Stolberg-Breinig. Auch im vierten Jahr seines Soloauftritts in St. Barbara ist es Ean Gidman wieder gelungen, das Publikum mit professionellem Saxofon- und Querflötenspiel sowie einer eindrucksvollen Lichtshow zu faszinieren. Rund 50 farbige Scheinwerfer und Laser, musikalisch feinfühlig abgestimmt, tauchten die Kirche computergesteuert passend zur Musik in ständig neues Licht und schafften so eine einmalige Atmosphäre.

Am Ende gab es stehende Ovationen für dieses wirklich außergewöhnliche Erlebnis zum Abschluss der Weihnachtszeit in Breinig.

„Music of the Light“, so lautete der Titel des zweistündigen Konzertes. Zwischen den musikalischen Leckerbissen unterhielt der aus England stammende Künstler das Publikum mit kleinen Geschichten um die musikalische Reise, die zunächst zu Filmmusiken aus dem „Gladiator“ und den „Chroniken von Narnia“ führte. Für Entspannung in der Alltagshektik sorgten ruhigere Lieder wie „Freedom“ von Sarah Brightman oder das Liebeslied des Phantoms an seine geliebte Christine.

Ean Gidman hatte die Feiertage auf einem Sechs-Sterne-Kreuzfahrtschiff in Südamerika verbracht, wo er der Topstar des jeweiligen Abends war. Auch hier bei nahezu 40 Grad wurde Weihnachten gefeiert und wurden Weihnachtslieder gesungen. Von dort hatte er den lateinamerikanisch angehauchten „Christmas Song“ mitgebracht, mit dem er die Weihnachtszeit in Breinig beendete.

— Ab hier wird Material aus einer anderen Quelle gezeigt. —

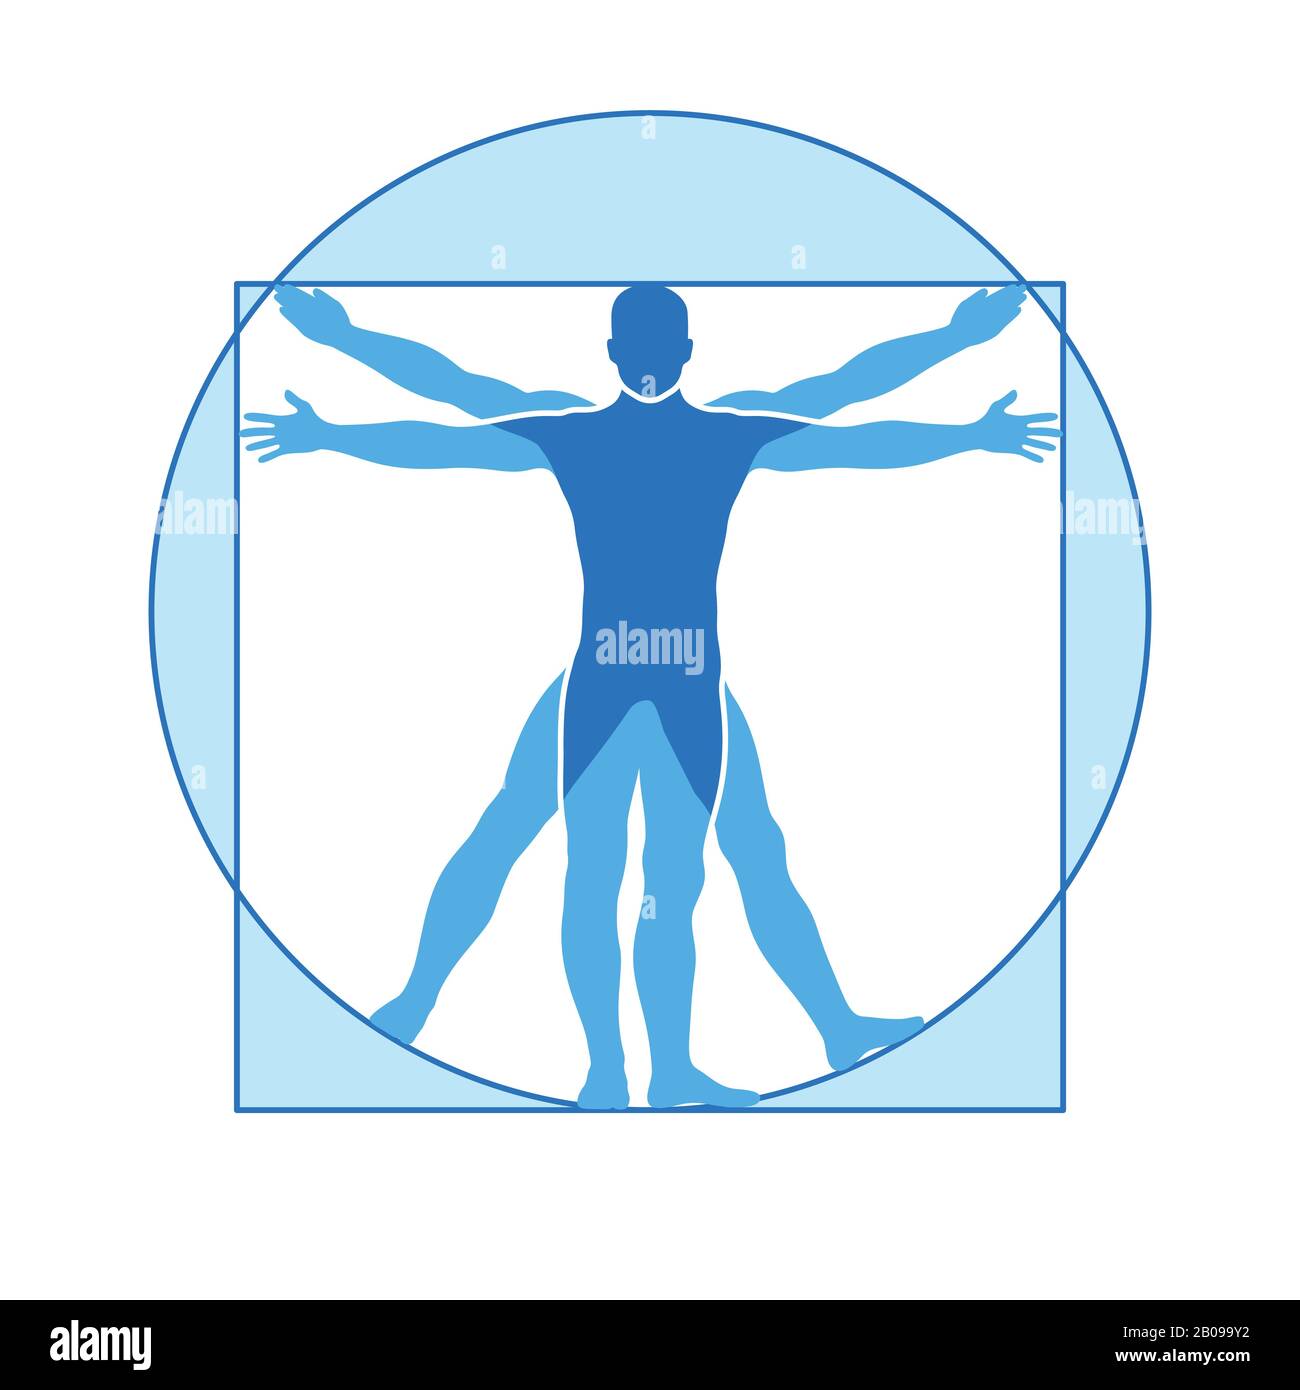 Human body vector icon similar vitruvian man. Like Leonardo da Vinci image vitruvian man, classic proportion form man illustration Stock Vector

Zu einer der erfolgreichsten britischen Girlgroups aller Zeiten wurde Eternal, die 1995 mit „I‘m Blessed“ einen Tophit landeten. Tosenden Applaus gab es für „Gabriella‘s Song“ aus dem schwedischen Film „Wie im Himmel“, der für sich sprach. Das Bravourstück seines Programmierens war das Allegro aus der fünften Sinfonie von Ludwig van Beethoven, das Gidman auf der Querflöte mit einem wahren Feuerwerk an Farben präsentierte.

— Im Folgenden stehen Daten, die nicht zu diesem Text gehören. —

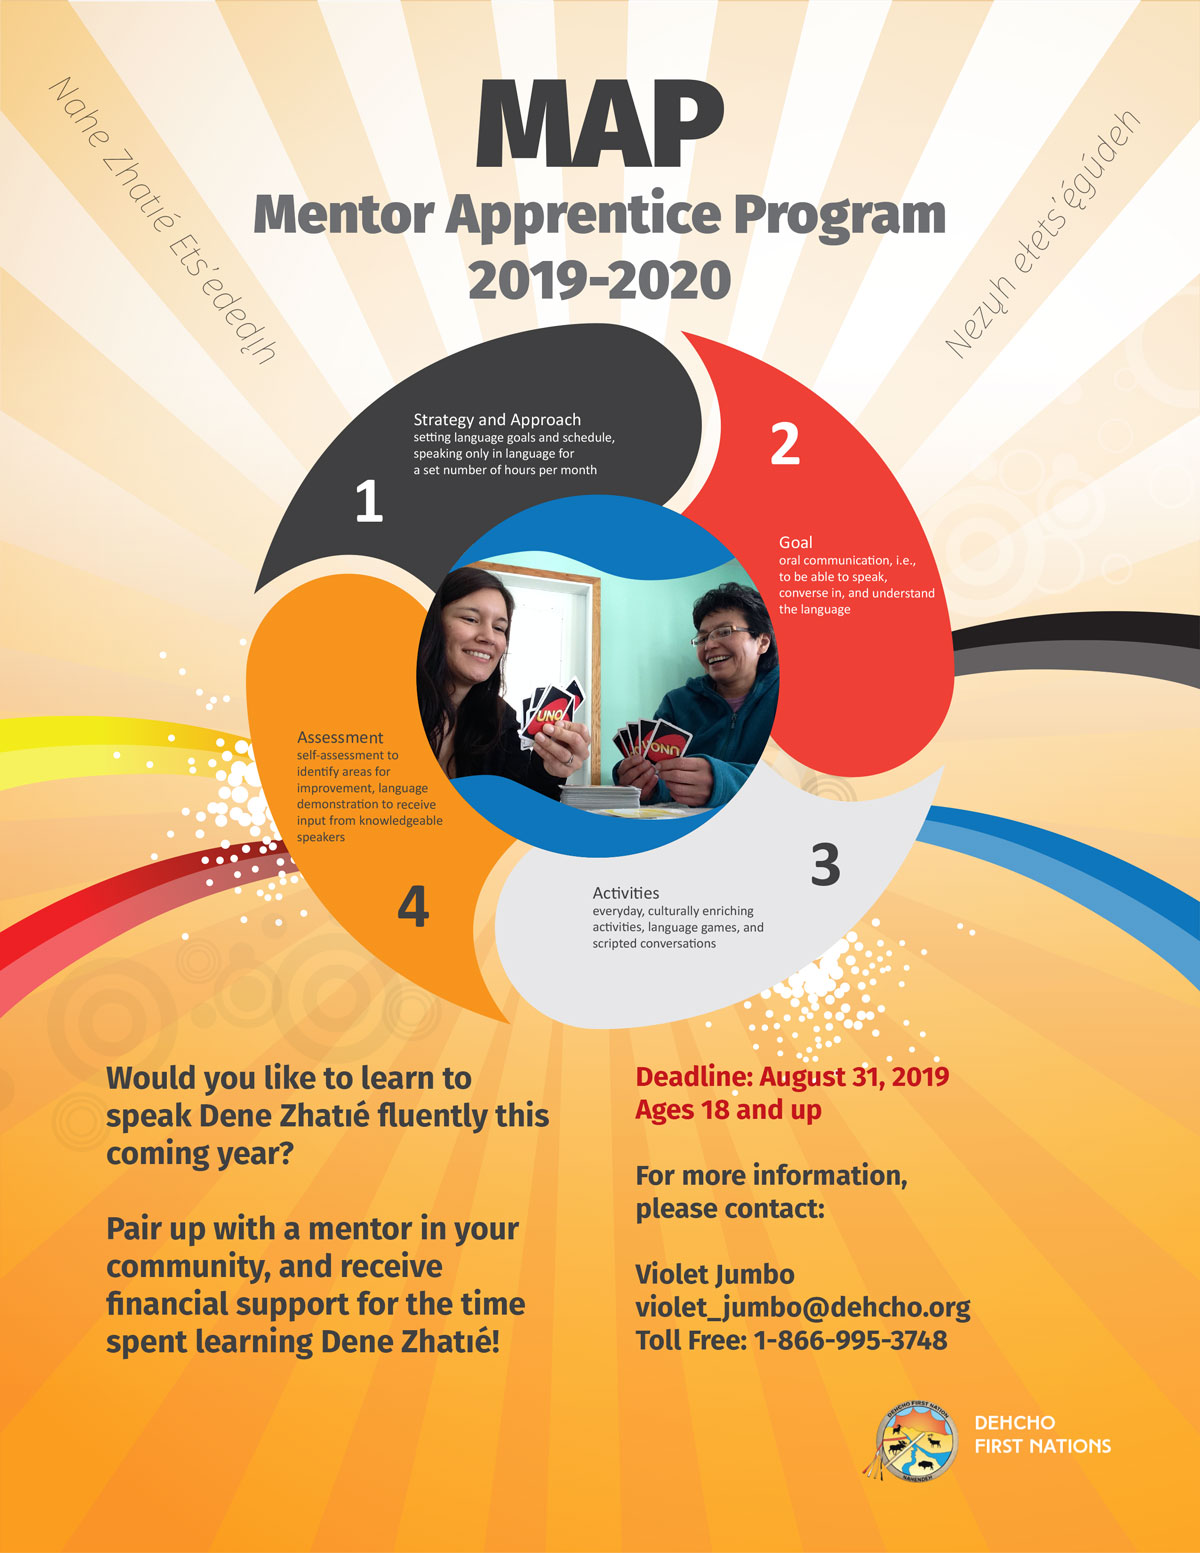 Mentor-Apprentice Program (MAP) - Dehcho First Nations

Nach der Pause stellte er seinen Überraschungsgast vor. Rolf von Ameln, ein begnadeter Jazzpianist, begleitete ihn auf dem Keyboard. Zusammen spielten sie drei Arrangements à la von Ameln. Neben dem schwermütigen schwedischen „Värmeland“ gab es ein Jazzstandard aus Amerika und das traditionsgemäß zum Jahreswechsel gesungene „Auld Lang Syne“ aus dem englischsprachigen Raum. Das wohl bekannteste Lied aus längst vergangener Zeit begann Rolf von Ameln mit imposanten Orgelklängen parallel zum Countdown der letzten Sekunden im alten Jahr. Gleich nach dem Glockenschlag setzte Gidman mit dem Saxofon ein und begrüßte das neue Jahr.

Kraft und Zuversicht

Im weiteren Verlauf präsentierte er Leonard Cohens „Hallelujah“ aus dem Animationsfilm „Shrek“ und lud zum Träumen mit einem Song aus „Les Miserables“ ein. Kraft und Zuversicht konnten sich die ruhelosen Herzen in „You Raise me Up“ von der irischen Boygroup Westlife holen. Mit der Puccini-Arie „Nessun Dorma“, das der britische Tenor Paul Potts in einer britischen Castingshow zu neuem Leben erweckte, kam Gidman zum Finale. Wie schön es in der Welt ist, zeigte er mit Louis Armstrongs weltbekanntem „What A Wonderful World“, das er in Deutsch und Englisch singend begann und instrumental auf dem Saxofon beschloss.

Als Zugabe spielten Rolf von Ameln und Ean Gidman „Die kleine Stadt will schlafen gehen“ vom deutschen Filmkomponisten Werner Bochmann. Auf die Frage von Pfarrer Ulrich Lühring, ob er denn nächstes Jahr wiederkommen solle, war die Antwort einstimmig: Ja!